The article below is why I believe in 1-to-1 computer initiatives and take-home programs. Those who can afford technology for their children give them an advantage (if used properly) because of the additional learning opportunities available on-line or using apps.
There is no evidence to support any notion that income impacts a child's ability to learn. It is the opportunities that children from higher income families have available to them that account for the much of the disparity that exists in the test scores between free-reduced lunch students and their paid lunch classmates.
Take-home computer programs, summer school, and before and after school programs are some ways schools are working to provide opportunities for all students to have similar academic success.
Question- Are them some in Nebraska who are just fine with maintaining the status quo, a difference between how richer and poorer children achieve in Nebraska schools?
This information comes from an article published at http://opinionator.blogs.nytimes.com/2013/04/27/no-rich-child-left-behind/?ref=opinion
"Here’s a fact that may not surprise you: the children of the rich perform better in school, on average, than children from middle-class or poor families.

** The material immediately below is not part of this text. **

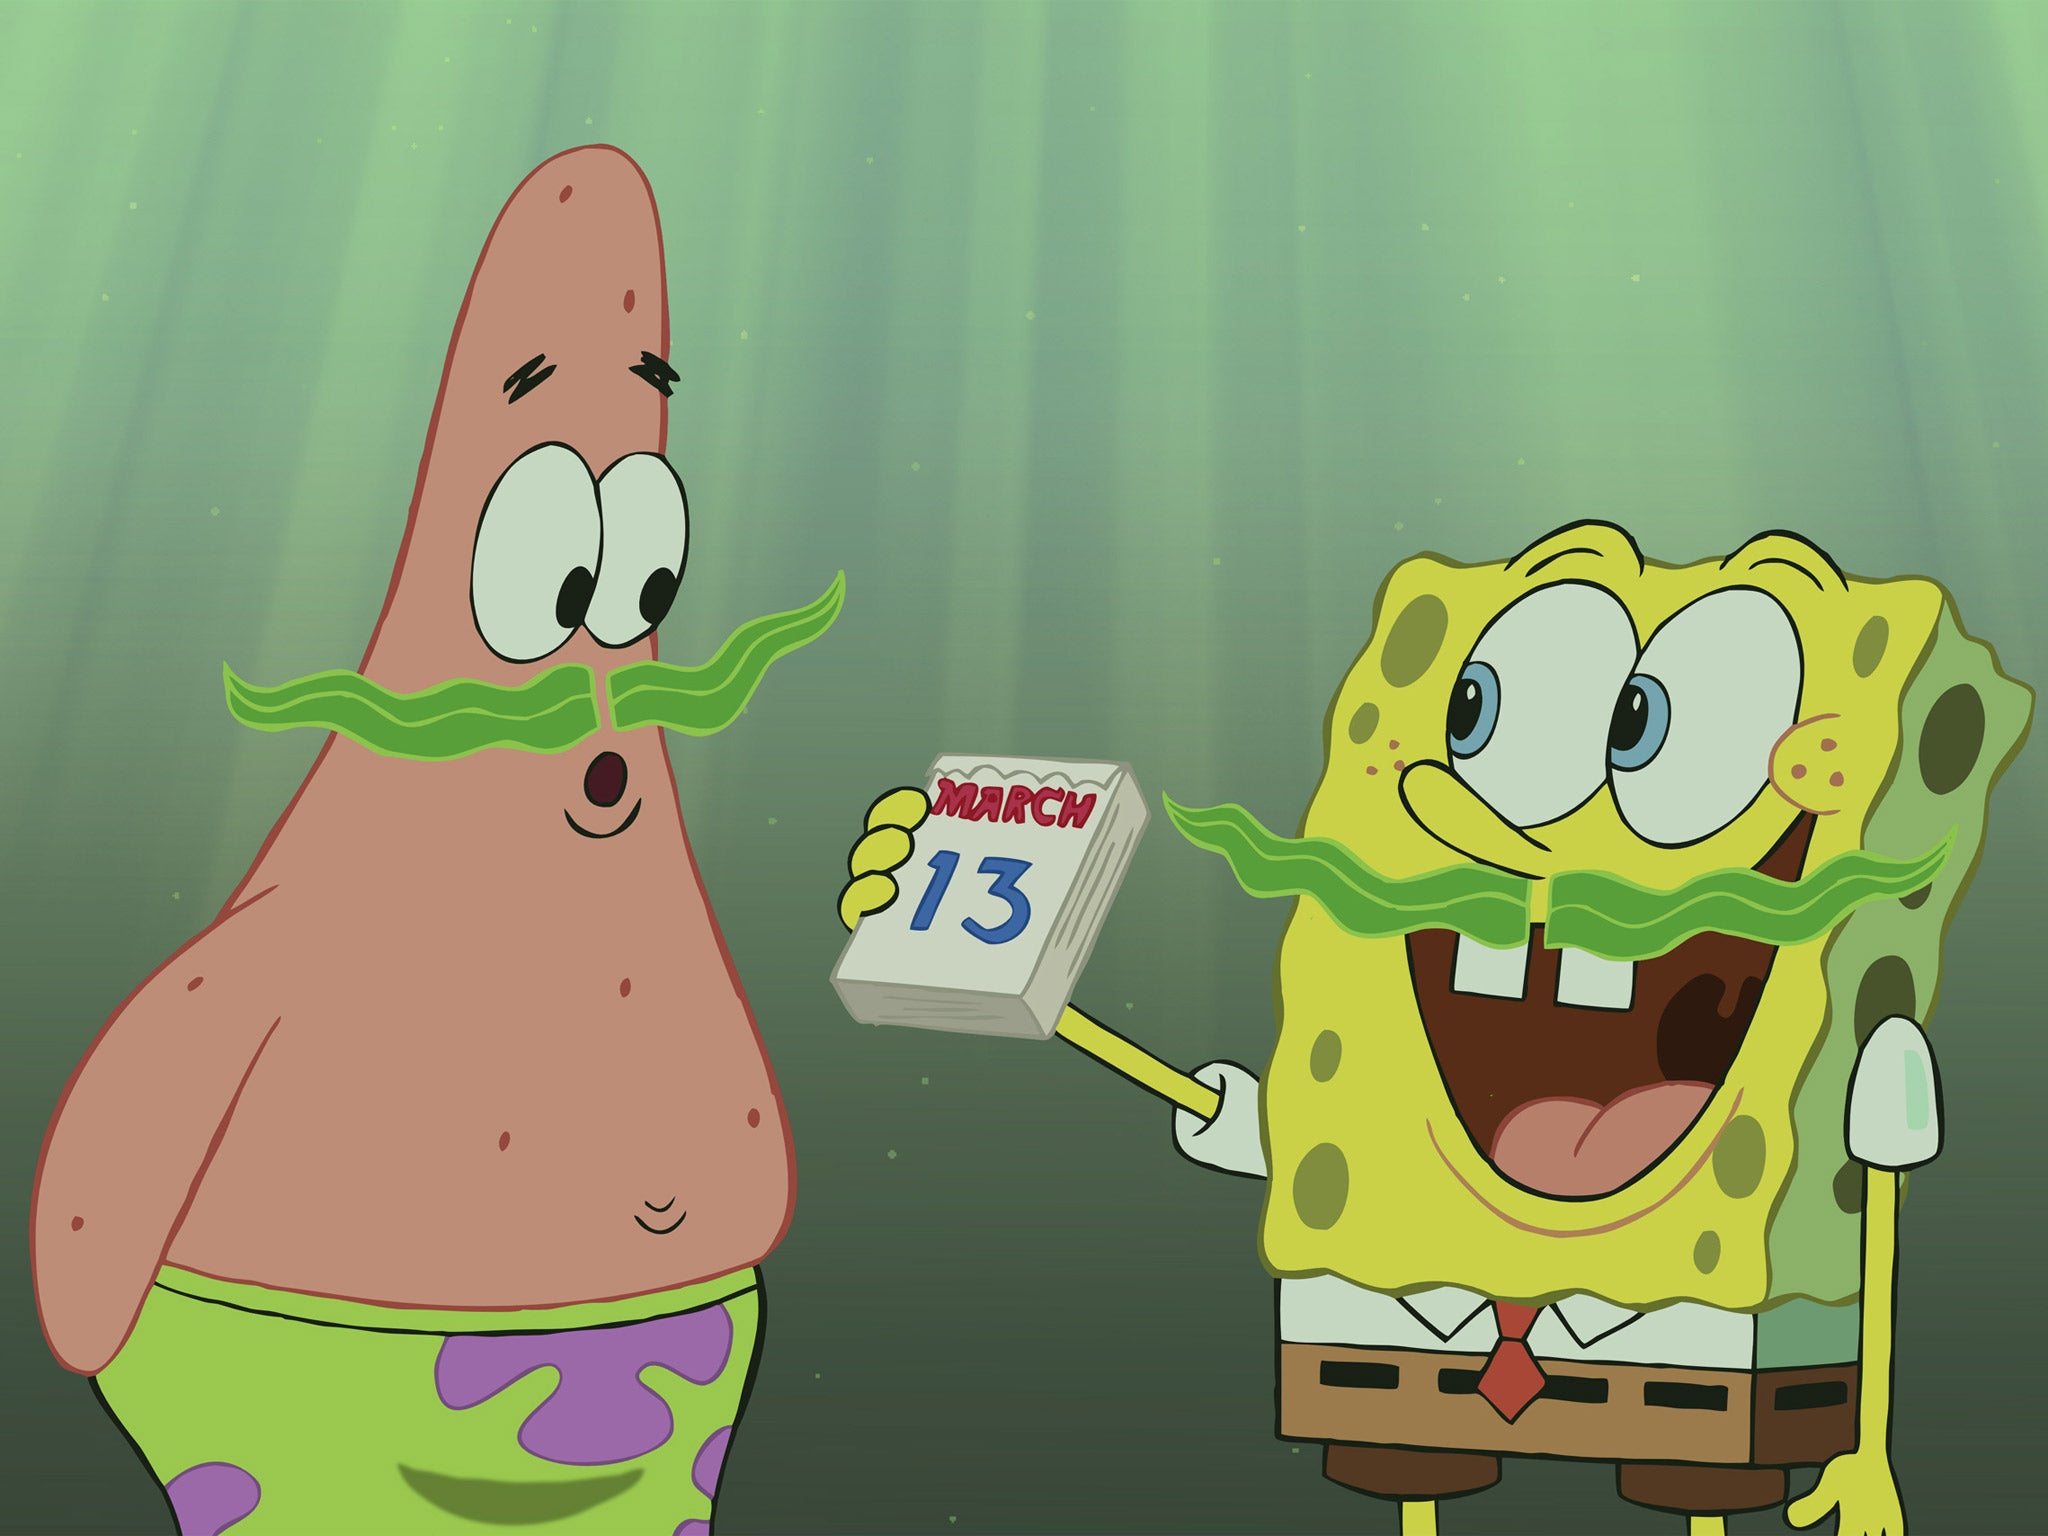 Patrick and SpongeBob SquarePants

Students growing up in richer families have better grades and higher standardized test scores, on average, than poorer students; they also have higher rates of participation in extracurricular activities and school leadership positions, higher graduation rates and higher rates of college enrollment and completion.
Whether you think it deeply unjust, lamentable but inevitable, or obvious and unproblematic, this is hardly news. It is true in most societies and has been true in the United States for at least as long as we have thought to ask the question and had sufficient data to verify the answer.
What is news is that in the United States over the last few decades these differences in educational success between high- and lower-income students have grown substantially.
One way to see this is to look at the scores of rich and poor students on standardized math and reading tests over the last 50 years. Using information from a dozen large national studies conducted between 1960 and 2010, the rich-poor gap in test scores is about 40 percent larger now than it was 30 years ago.
Children from rich and poor families score very differently on school readiness tests when they enter kindergarten, and this gap grows by less than 10 percent between kindergarten and high school. There is some evidence that achievement gaps between high- and low-income students actually narrow during the nine-month school year, but they widen again in the summer months."